Automatically compute compound binary fingerprints on insertion

backup(destination: Path | str | None = None, pages: int = 10000) None[source]

Create a backup of the database

calculate_all_murcko_scaffolds(generic: bool = True)[source]

Determine Murcko and optionally generic Murcko scaffolds for all Compounds in the Database and add relevant records.

Parameters:

generic – Calculate generic (single bonds and all carbon) scaffolds as well

calculate_all_scaffolds() None[source]

Determine and insert records for all substructure/superstructure relationships in the Compound table

close() None[source]

Close the connection

column_names(table: str) list[str][source]

Get the column names of the given table

commit(*, retry: float | None = 1) None[source]

Commit changes to the database

Parameters:

retry – If truthy, keep trying to execute every retry seconds if the Database is locked

connect() None[source]

Connect to the database

property connection: sqlite3.connection

Returns a sqlite3.connection to the database

classmethod copy_from(source: Path, destination: Path, animal: HIPPO, update_legacy: bool = False, overwrite_existing: bool = False, pages: int = 10000) None[source]

Create a Database from an existing one

copy_interactions_to_temp(pose_id: int) int[source]

Copy the records from the ‘temp_interaction’ table to the ‘interaction’ table

Returns:

ID of the last inserted Interaction

copy_temp_interactions() int[source]

Copy the records from the ‘temp_interaction’ table to the ‘interaction’ table

Returns:

ID of the last inserted Interaction

count(table: str) int[source]

Count all entries in a table

Parameters:

table – table to count entries from

count_where(table: str, key: str, value=None)[source]

Count all entries in a table where key==value

Parameters:
  • table – table to count entries from

  • key – the key to match as {table}_{key} = {value} or the SQL string if value == None

  • value – the value to match (Default value = None)

create_blank_db() None[source]

Create a blank database

create_metadata_id_map(*, table: str, key: str) dict[str, int][source]

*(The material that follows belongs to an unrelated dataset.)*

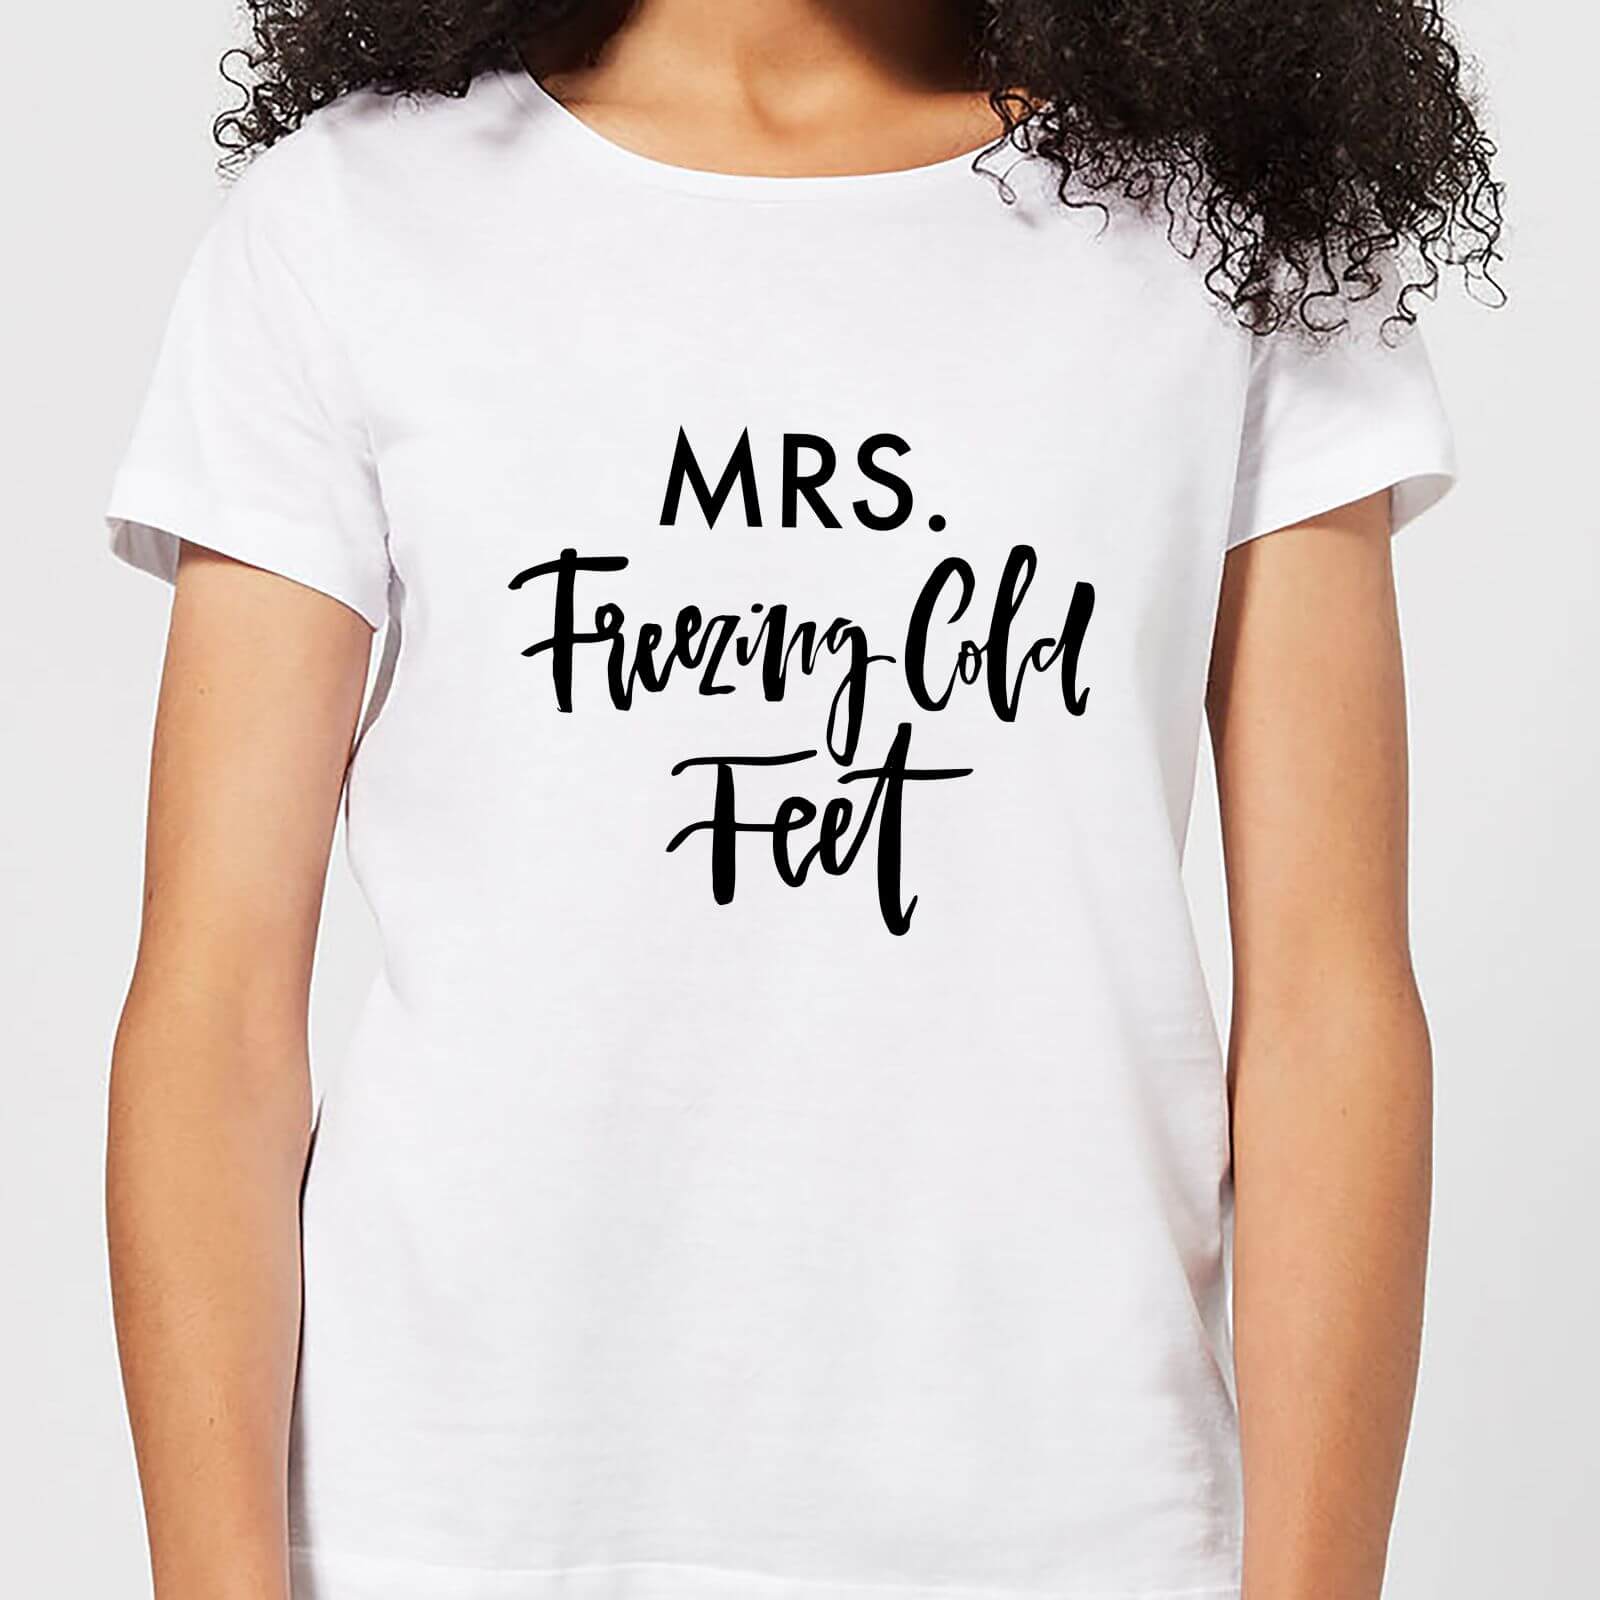 Mrs. Freezing Cold Feet Women's T-Shirt - White - S - White
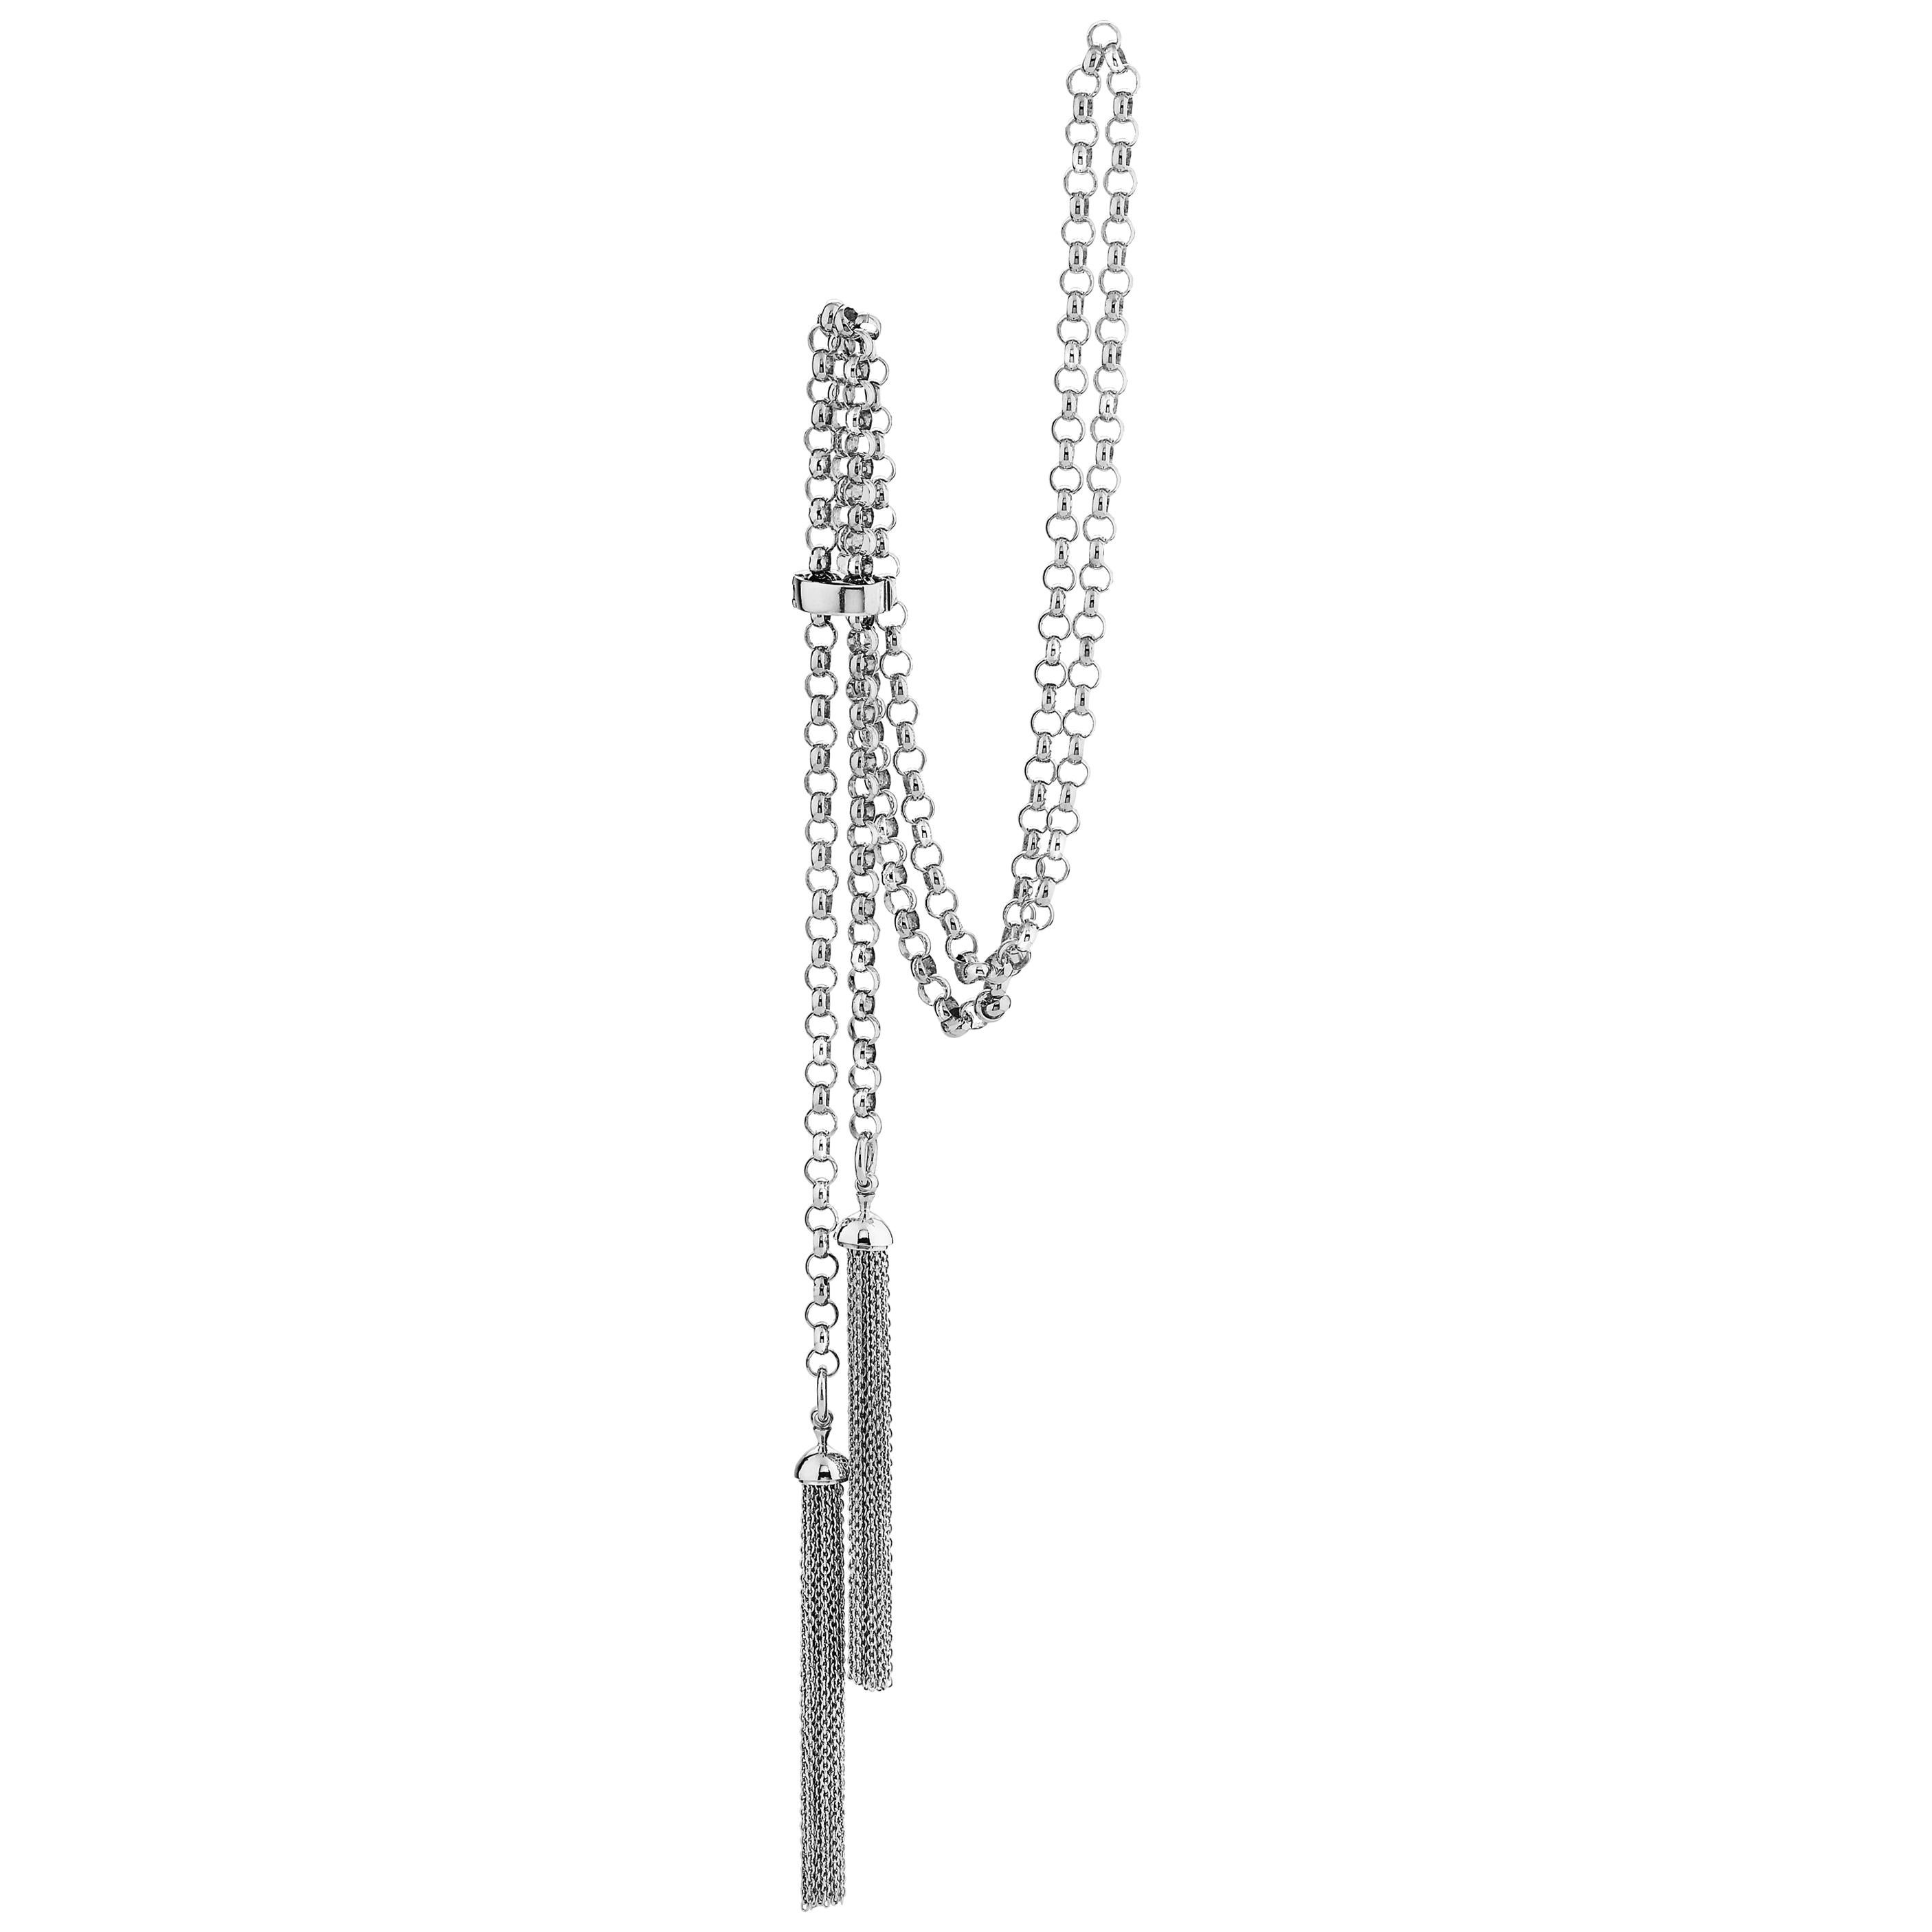 Betony Vernon "Tassel Chain" Necklace Bracelet Sterling Silver 925

Create a mapping between metadata[key] values to their respective parent record ID’s

Returns:

dictionary mapping metadata[key] values to integer ID’s

create_table_component() None[source]

Create the component table

create_table_compound() None[source]

Create the compound table

create_table_feature() None[source]

Create the feature table

create_table_inspiration() None[source]

Create the inspiration table

create_table_interaction(table: str = 'interaction', debug: bool = True) None[source]

Create an interaction table

create_table_pattern_bfp() None[source]

Create the pattern_bfp table

create_table_pose() None[source]

Create the pose table

create_table_quote() None[source]

Create the quote table

create_table_reactant() None[source]

Create the reactant table

create_table_reaction() None[source]

Create the reaction table

create_table_route() None[source]

Create the route table

create_table_scaffold() None[source]

Create the scaffold table

create_table_subsite() None[source]

Create the subsite table

create_table_subsite_tag() None[source]

Create the subsite_tag table

create_table_tag() None[source]

Create the tag table

create_table_target() None[source]

Create the target table

property cursor: sqlite3.cursor

Returns a sqlite3.cursor

delete_features() None[source]

Delete all protein features

delete_interactions() None[source]

Delete all calculated interactions and set pose_fingerprint appropriately

delete_reactions() None[source]

Delete all reaction data

delete_subsites() None[source]

Delete all protein subsites

delete_tag(tag: str) None[source]

Delete all tag entries with the matching name

Parameters:

tag – tag name to match

delete_where(table: str, key: str, value: str | None = None, commit: bool = True) None[source]

Delete entries where key==value

Parameters:
  • table – the table from which to delete

  • key – column name to match to value, if no value is provided this

  • value – the value to match (Default value = None)

  • commit – commit the changes (Default value = True)

execute(sql, payload=None, *, retry: float | None = 1, debug: bool = False)[source]

Execute arbitrary SQL with retry if database is locked.

executemany(sql, payload, *, retry: float | None = 1) None[source]

Execute arbitrary SQL

Parameters:
  • sql – SQL query

  • retry – If truthy, keep trying to executemany every retry seconds if the Database is locked

  • payload – Payload for insertion, etc. (Default value = None)

fix_incorrect_pose_compound_assignments()[source]

Fix pose_compound values that reference incorrect chemical structures

get_compound(*, id: int | None = None, inchikey: str | None = None, alias: str | None = None, smiles: str | None = None, none: str = 'error', **kwargs) Compound[source]

Get a Compound using one of the following fields: [‘id’, ‘inchikey’, ‘alias’, ‘smiles’]

Parameters:
  • id – the ID to search for (Default value = None)

  • inchikey – the InChi-Key to search for (Default value = None)

  • alias – the alias to search for (Default value = None)

  • smiles – the smiles to search for (Default value = None)

Returns:

the Compound object

get_compound_cluster_dict(cset: CompoundSet | None = None, *, fractions: bool = False, max_scaffolds: int | None = None, fraction_reference: CompoundSet | None = None) dict[tuple, set][source]

Create a dictionary grouping compounds by their scaffold/base cluster.

Parameters:
  • csetCompoundSet subset to query, defaults to all compounds

  • fractions – Calculate fractional populations for each cluster

  • max_scaffolds – Define the maximum number of compounds to use as cluster keys

  • fraction_reference – Use cset to build the cluster map and use fraction_reference to determine the fractional populations

Returns:

A dictionary mapping a tuple of scaffold Compound IDs to a set of superstructure Compound ID’s.

get_compound_computed_property(prop: str, compound_id: int) int | str[source]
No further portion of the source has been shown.